May Day Message by DAP Secretary-General, Lim Kit Siang

May Day Message by DAP Secretary-General, Lim Kit Siang

The Democratic Action Party joins the workers in Malaysia to rededicate themselves to the cause of labour, of raising the status of the working class in Malaysia and enhancing the dignity of their role in building the nation, on the occasion of this year’s May Day.

The workers in Malaysia have been a very downtrodden class of people in a Malaysia where the capital ists and the moneyed interests are given preference and priority in all governmental departments.

The workers must depend on their own muscles and solidarity to wrest from the government their proper place in Malaysia as a partner in development, and not as a slave of development.

The workers have still a long way to go to occupy their deserved place as a partner in development, and greater solidarity and singleness of purpose among the working class is needed for the earlier realisation of this objective.

The workers have suffered greatly this year and the last, with the unchecked inflation reduction their purchasing power and altering adversely their standard of living, as a result of their income remaining static while prices soared.
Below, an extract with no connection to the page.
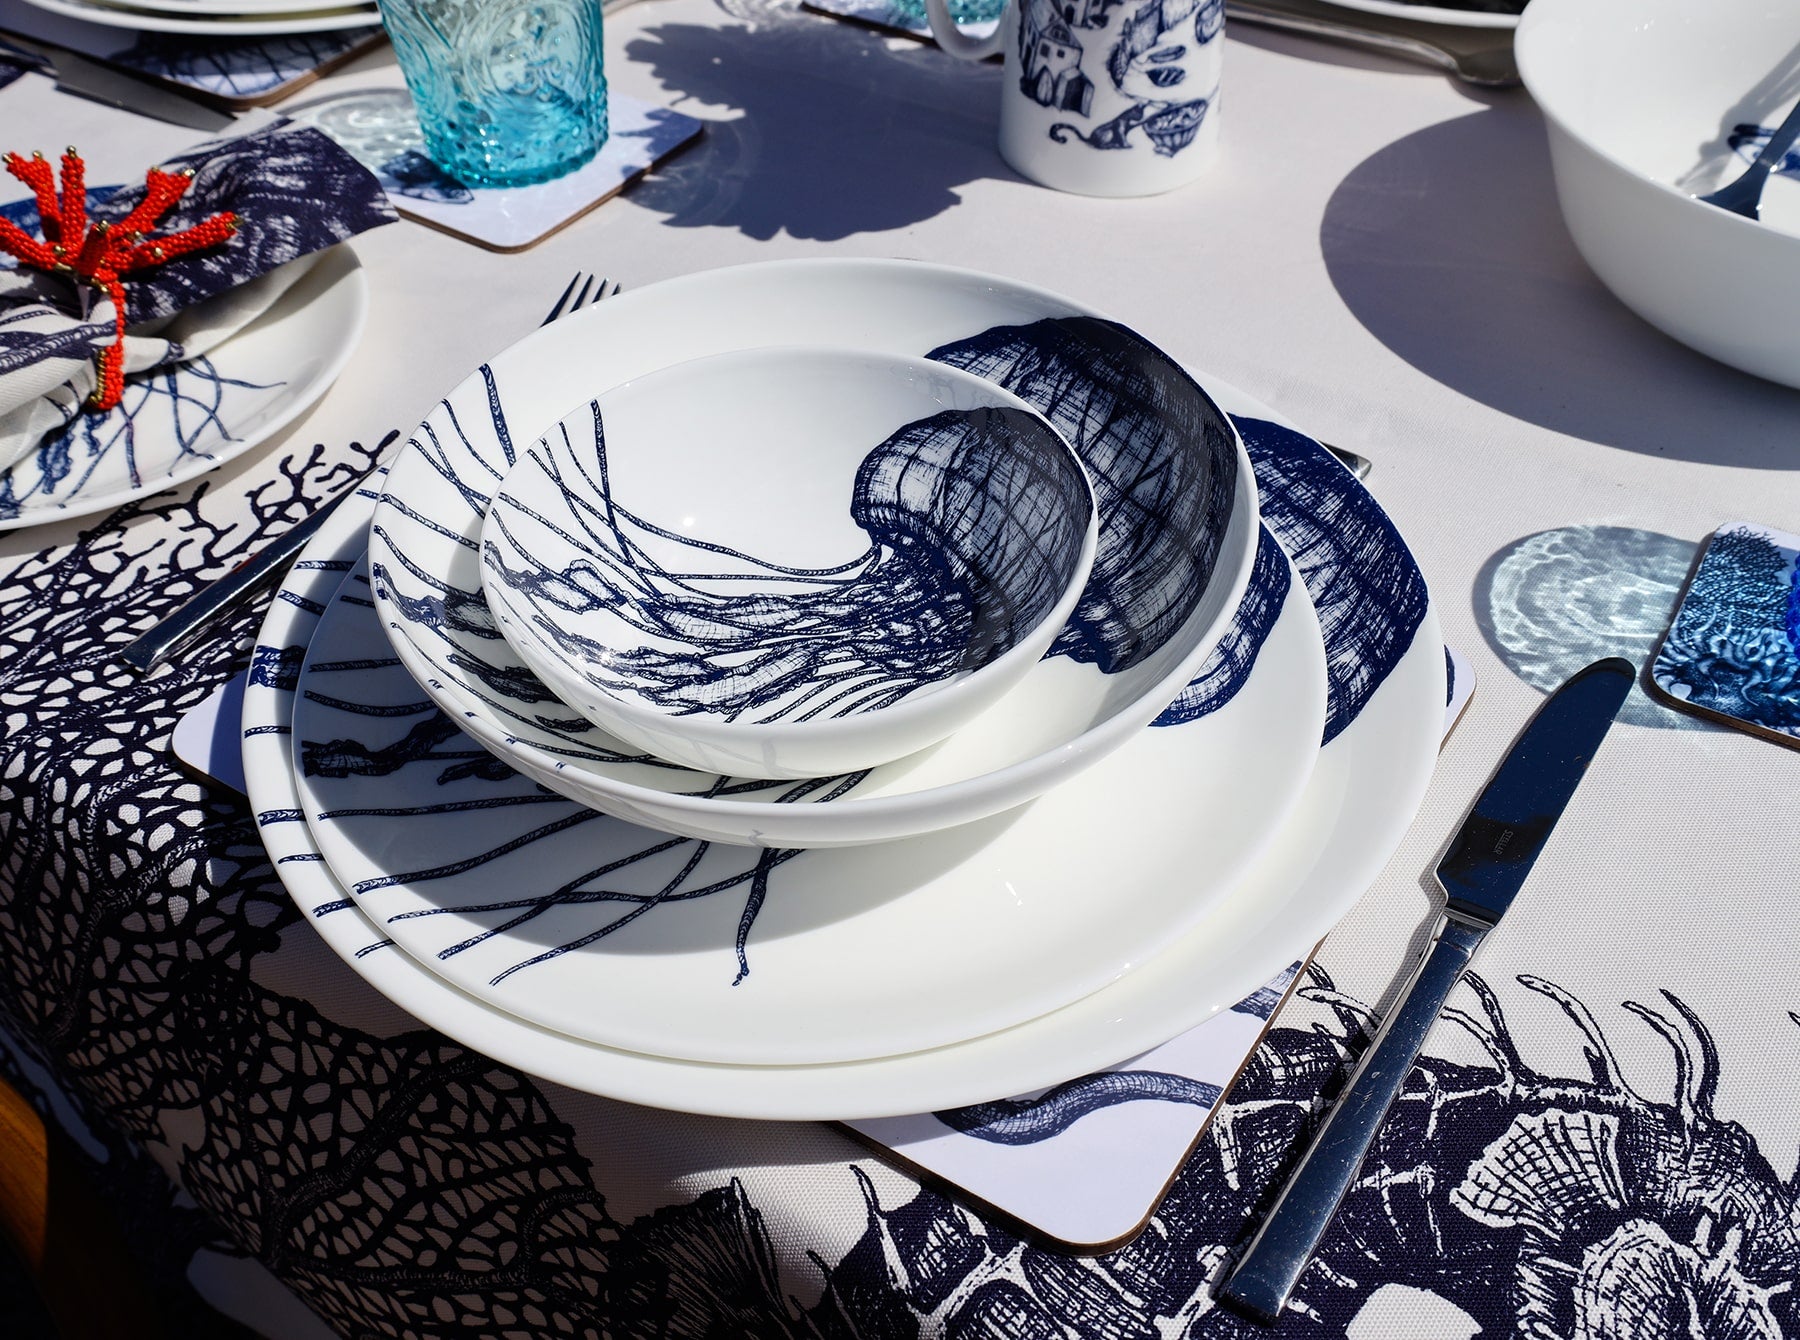 Outside Table setting with Large Jellyfish plates,stacked with the bowls on a placemat,next to a coaster with a blue glass.

Nothing will please the workers more, in this May Day in a crisis of inflation in Malaysia, then for the government to make the following announcements:

1. Legislation to compel all private employers to pay COLA to their workers to help them minimize the hardship caused by the gal loping inflation of prices, unless the employers can prove their inability to pay because of business losses;

2. A Royal Commission of Inquiry into the labour laws in the country to remove all those anti-labour provisions which are detrimental to the workers’ interests;

3. Special legislation to protect workers who are informing or joining unions from being victimized, intimidated or even dismissed by their employer, for this is one of the major reasons for the deplorable fact that only some 10% of the working force are organised as members of unions;

4. Raising the interest rate of E.P.F. contributions, so that workers can bake full benefits from their savings; and the complete reorientation of E.P.F. fund expenditure and investment policy, to make use of the E.P.F. funds for investment purposes which directly benefits workers, and not as now, where EPF funds are used to finance projects as benefitting capitalists and other groups, unrelated to workers’ betterment.

5. The orientation of the policies and the attitude of the Labour Ministry, from one which is aimed at managing and bringing workers under control, into one aimed at actively promoting the interests and rights of the workers.